Topikterkini.com.Lombok Timur– Adanya penahanan dan tebus ijazah di SMAN 1 Sikur menjadi perbincangan publik. Para siswa di suruh menebus ijazah mereka oleh pihak sekolah kalau tidak ijazah tidak bakal di berikan Oleh pihak sekolah.
Kasus tersebut di perkirakan sudah dua tahun yang lalu, adanya penambahan ijazah siswa 200 orang di suruh menebus nya.
Adanya hal tersebut ombudsman turun ke sekolah tersebut untuk mengkroscek laporan dari wali murid.
Kepsek SMAN 1 Sikur mengatakan, memang benar ada dari ombudsman turun dulu, Ucapnya.
” Ini udah lama sekitar dua (2 ) tahun yang lalu, ” Jelasnya.
Ia menyebut, mengenai penahanan ijazah dari pihak sekolah itu tidak benar, bahkan ombudsman juga sudah Pernah turun berdasarkan laporan dari salah satu wali murid kami dulunya.

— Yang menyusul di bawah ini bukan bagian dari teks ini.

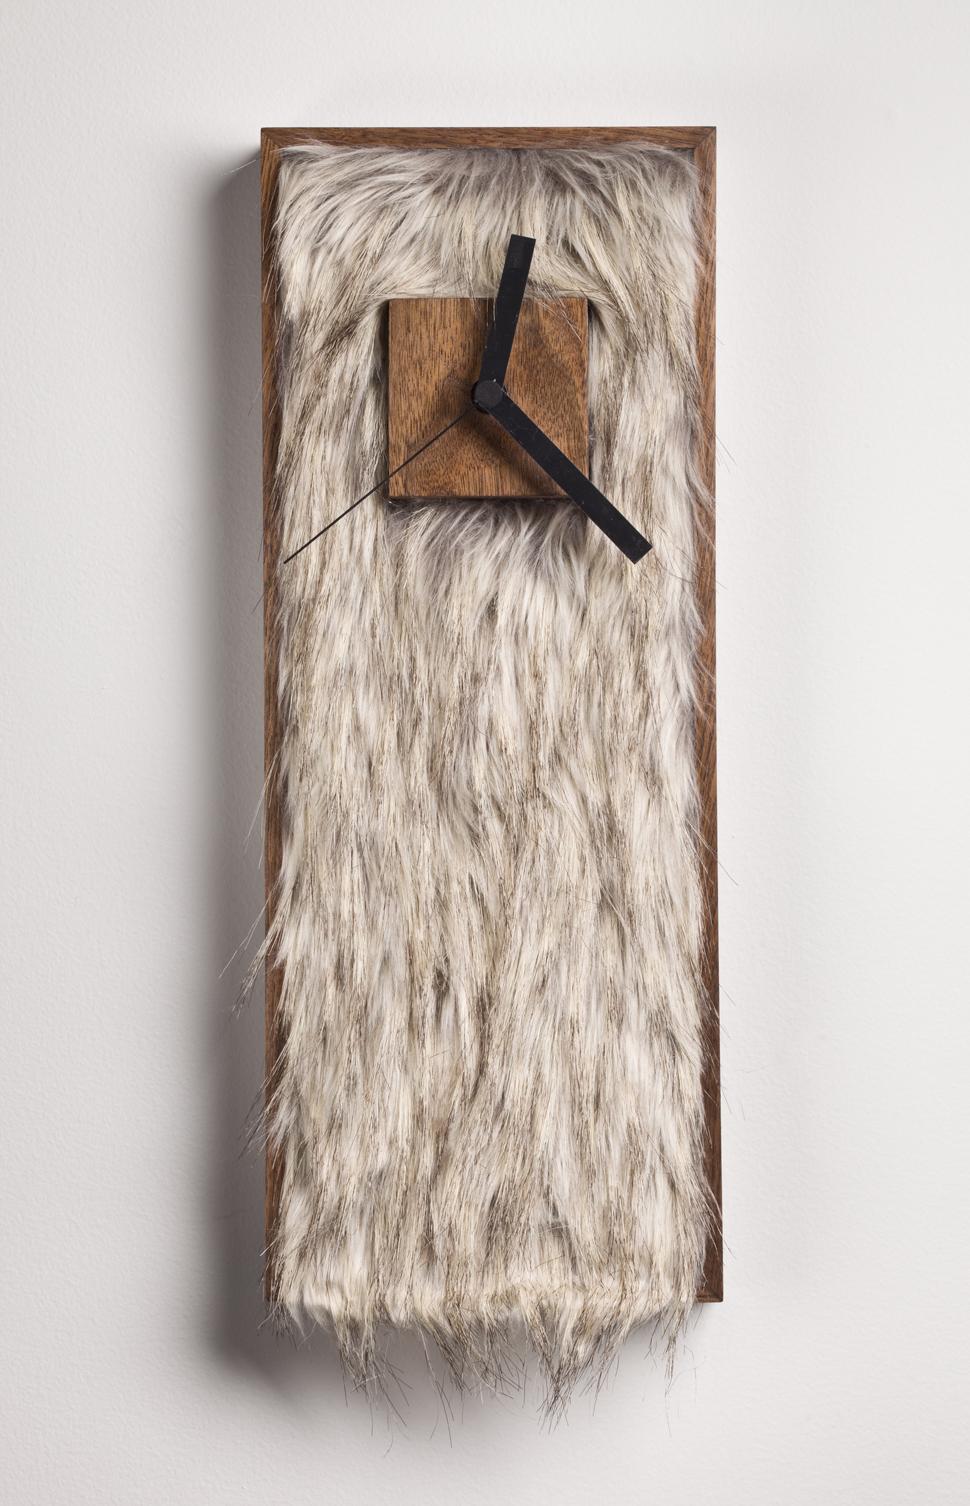 Mark Dineen - Fur Series One, Clock

“Tidak ada pungli dan tidak ada penahanan ijazah siswa,” Terangnya.
” Bahkan dari ombudsman juga sudah membuat surat ke kami bahwa itu tidak benar,” Terangya.
” Ijazah siswa kami yang dulu yang ada di sekolah, pihak kami di sekolah mencari siswa tersebut dan mengantarkan ijazah mereka ke rumah nya,” Ujaranya.
” Intinya tidak ada penahanan ijazah dan tidak ada penebusan ijazah siswa kami,” tutupnya.